▶ [THE DATA]
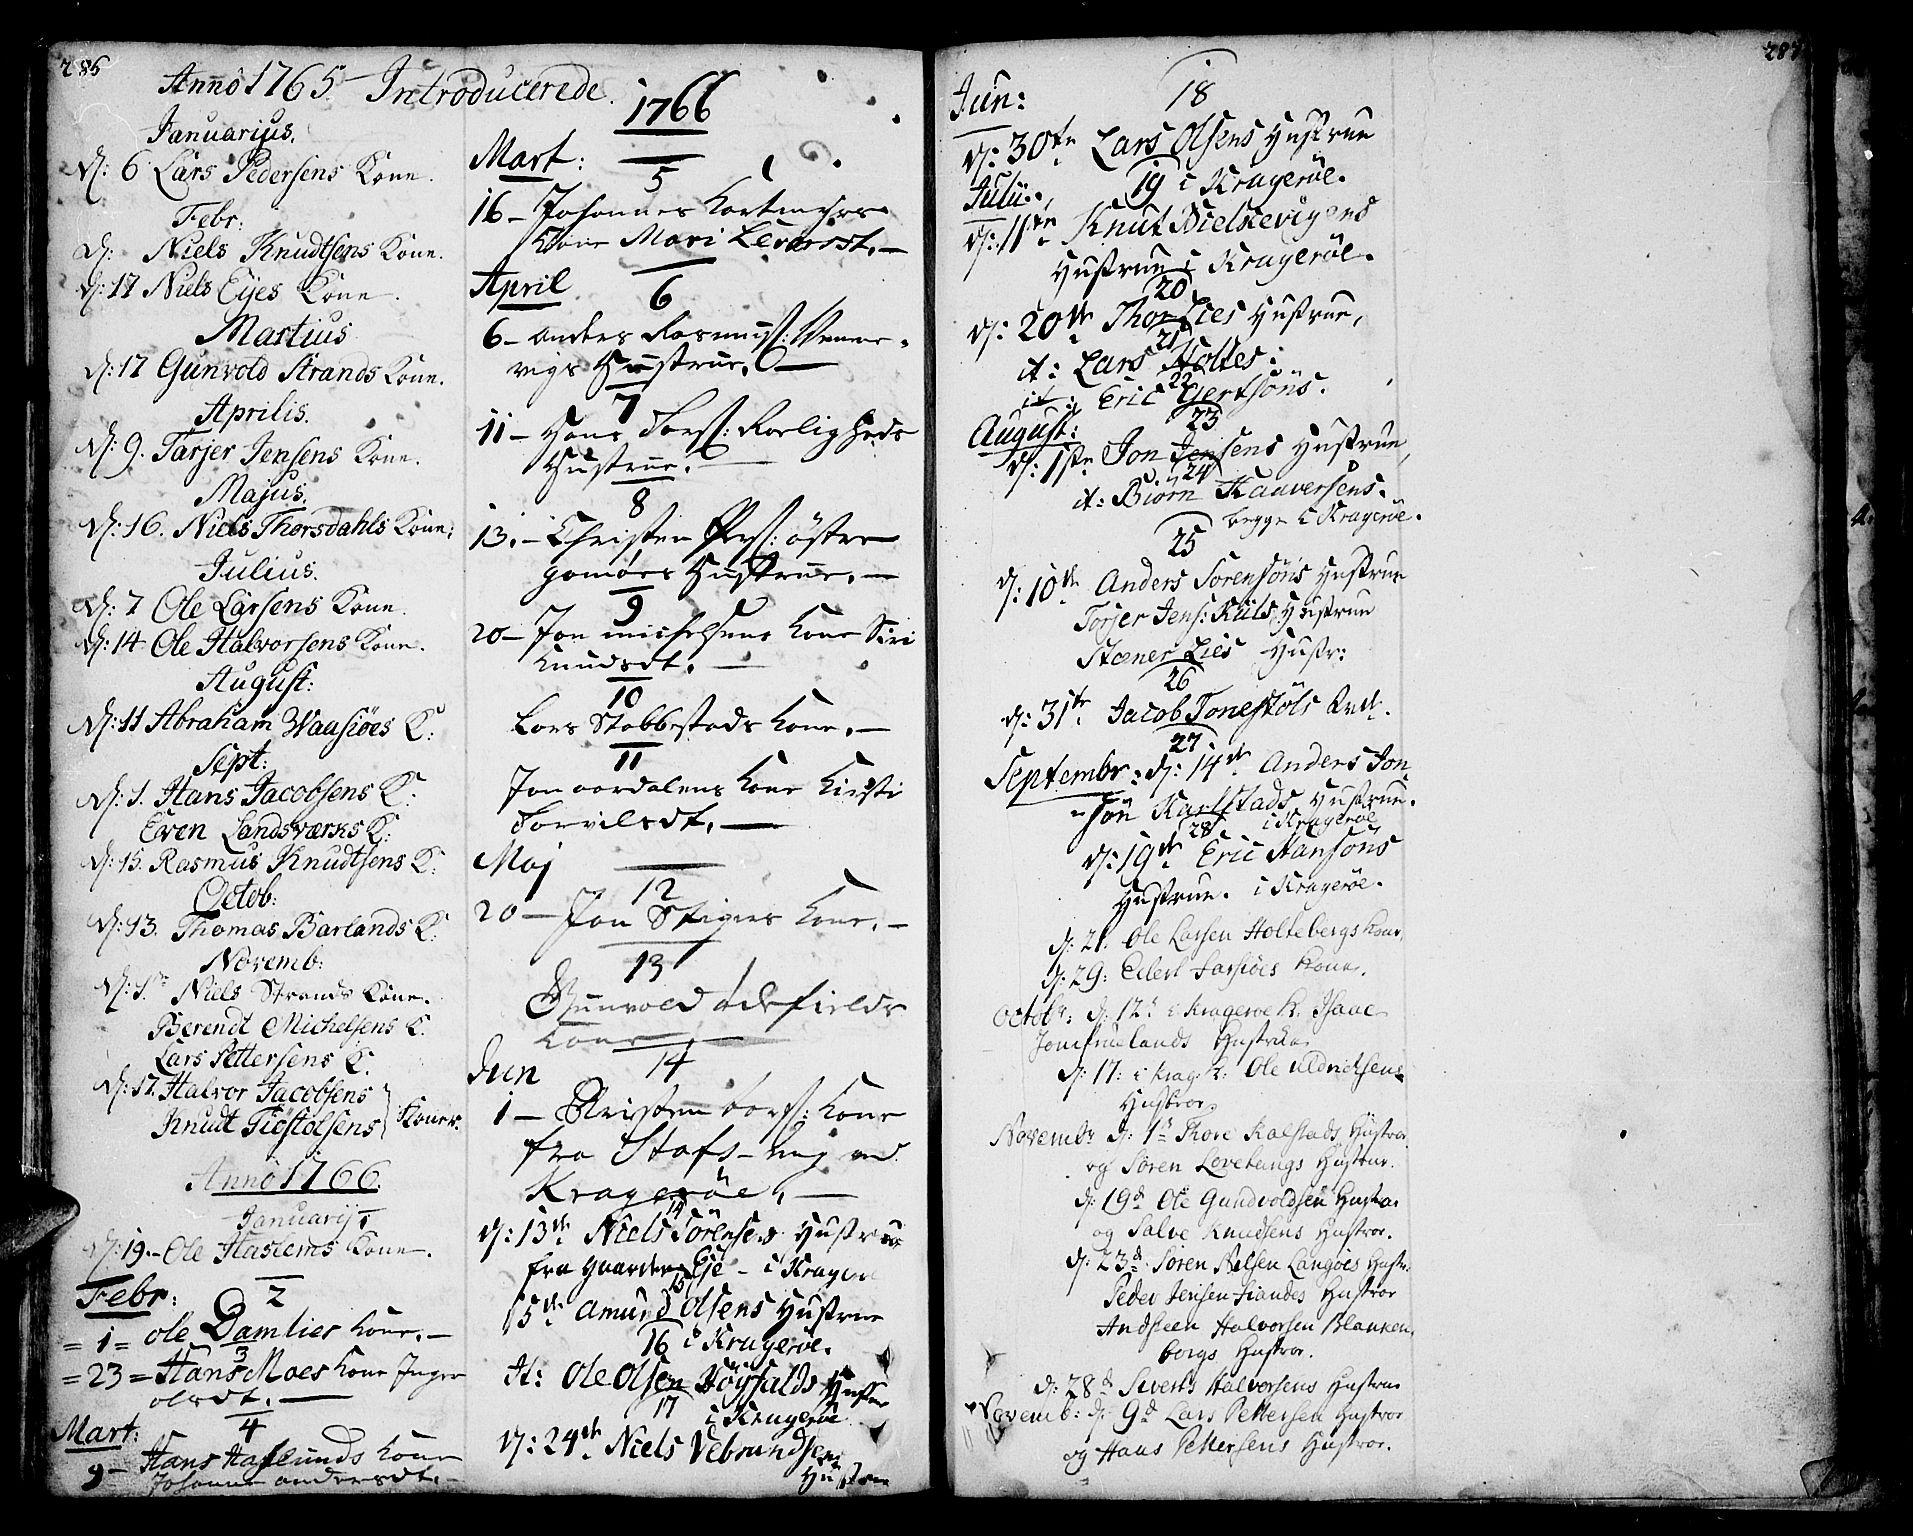 SAKO, Sannidal kirkebøker, F/Fa/L0001: Ministerialbok nr. 1, 1702-1766, s. 286-287
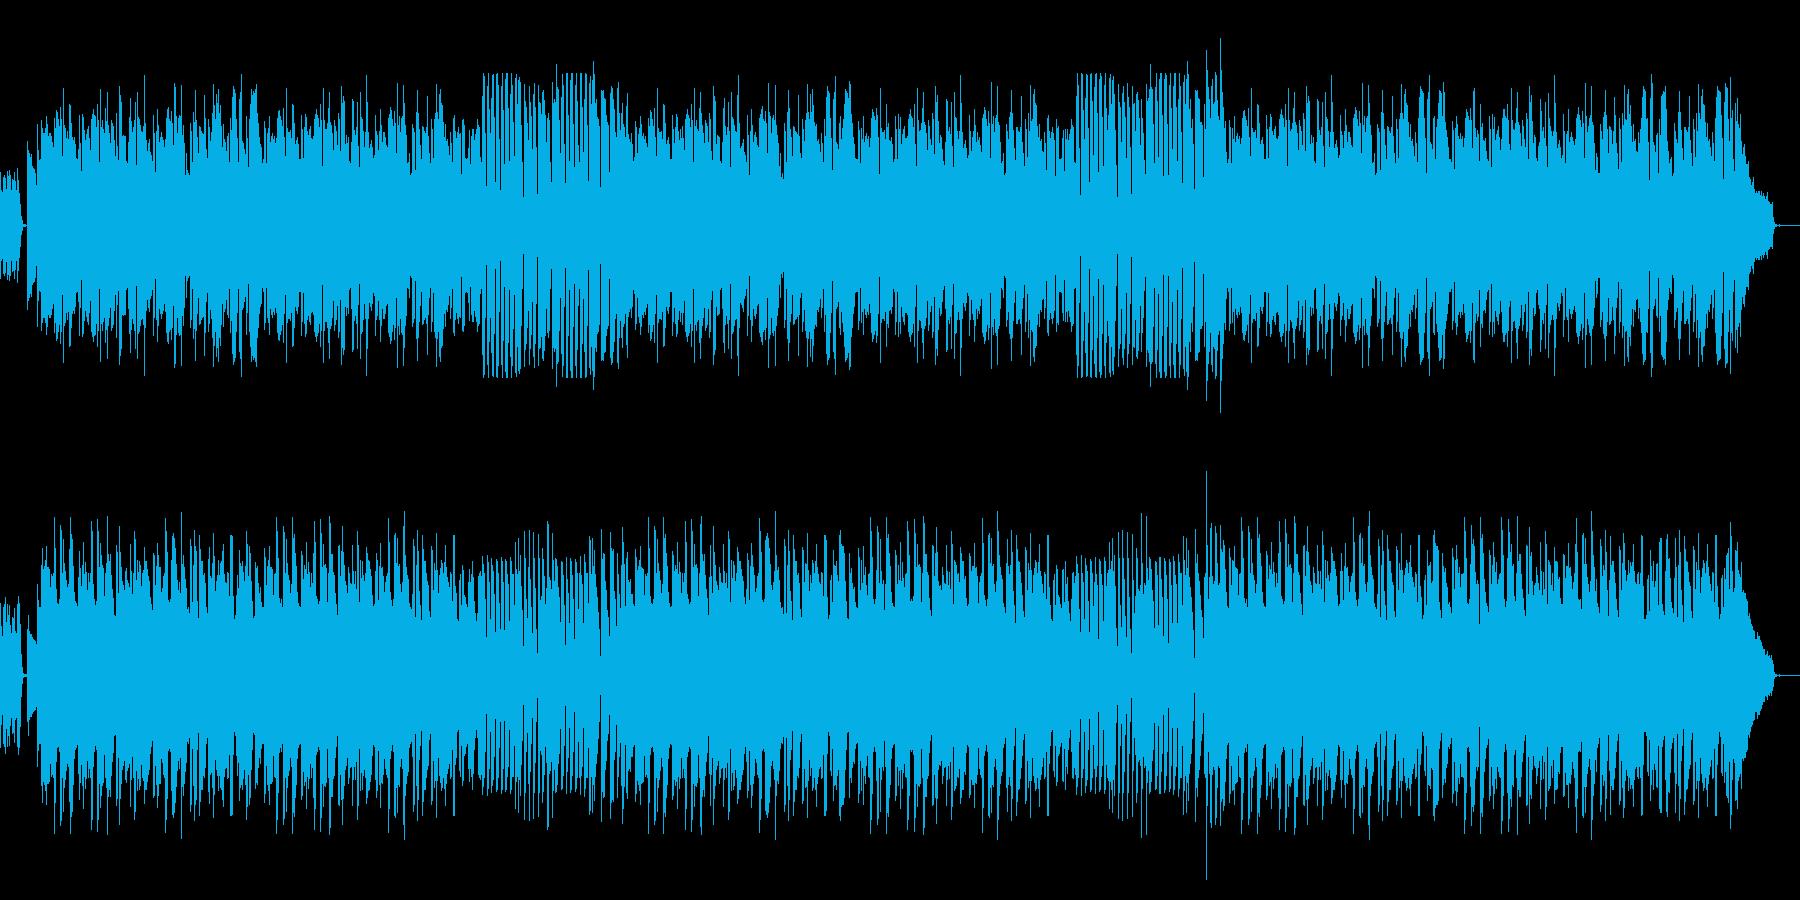 お料理番組っぽいシンプルなピアノソロの再生済みの波形
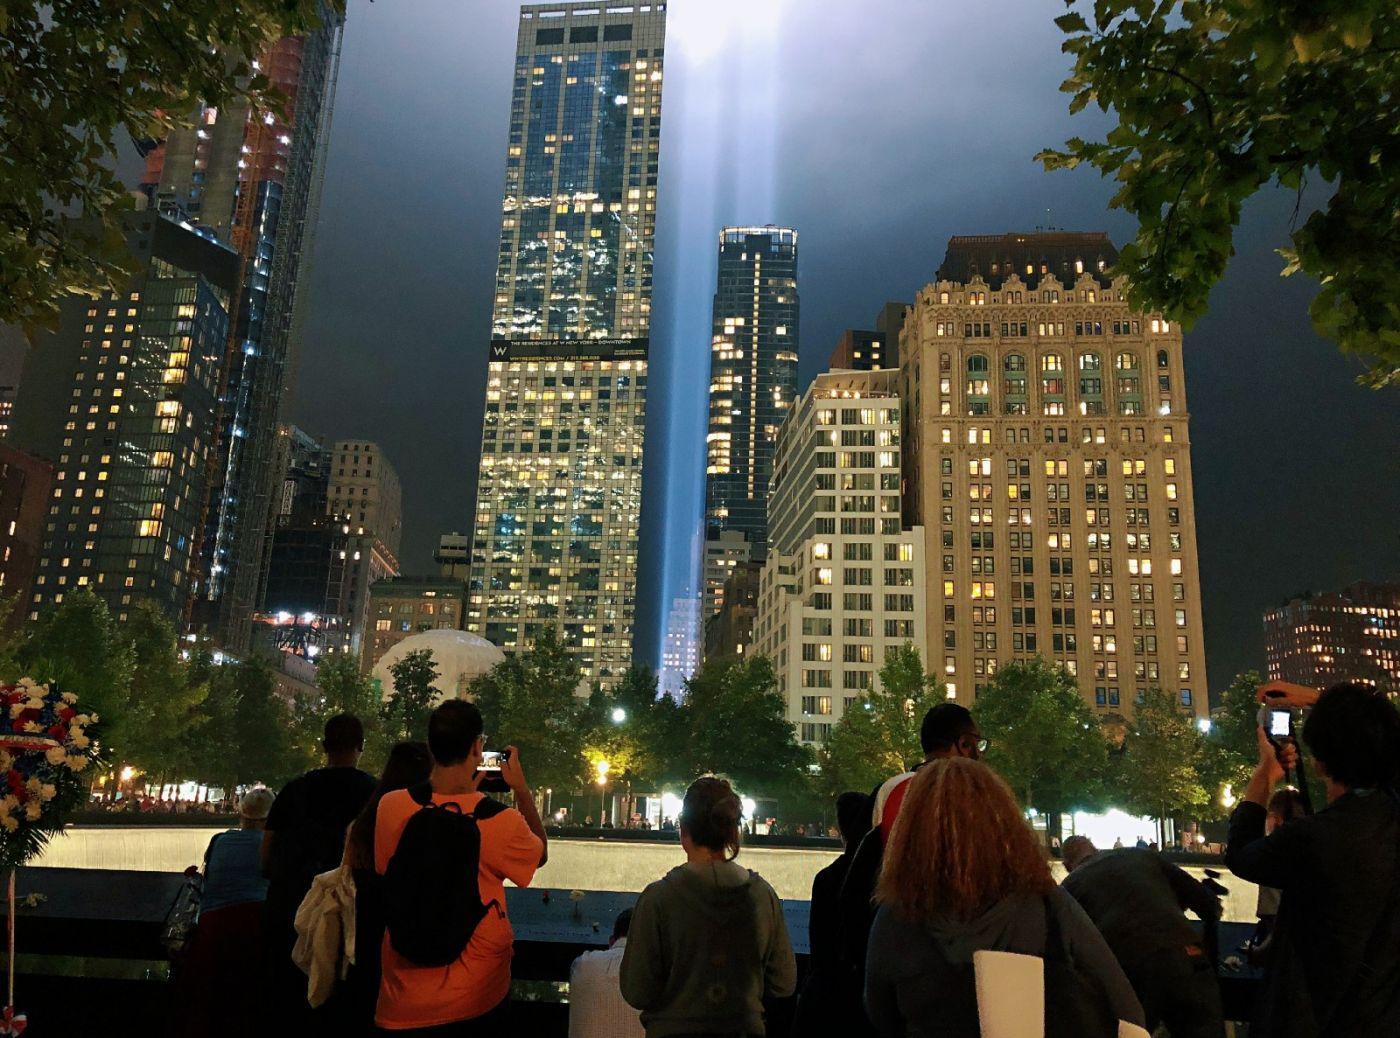 【田螺手机摄影】拍摄灯柱纪念911恐襲17周年_图1-8

▶ [TASK INSTRUCTIONS]
Pictures aside, reproduce the listing above exactly.

▶ [RESULT]
 SAKO, Sannidal kirkebøker, F/Fa/L0001: Ministerialbok nr. 1, 1702-1766, s. 286-287
 お料理番組っぽいシンプルなピアノソロの再生済みの波形
 【田螺手机摄影】拍摄灯柱纪念911恐襲17周年_图1-8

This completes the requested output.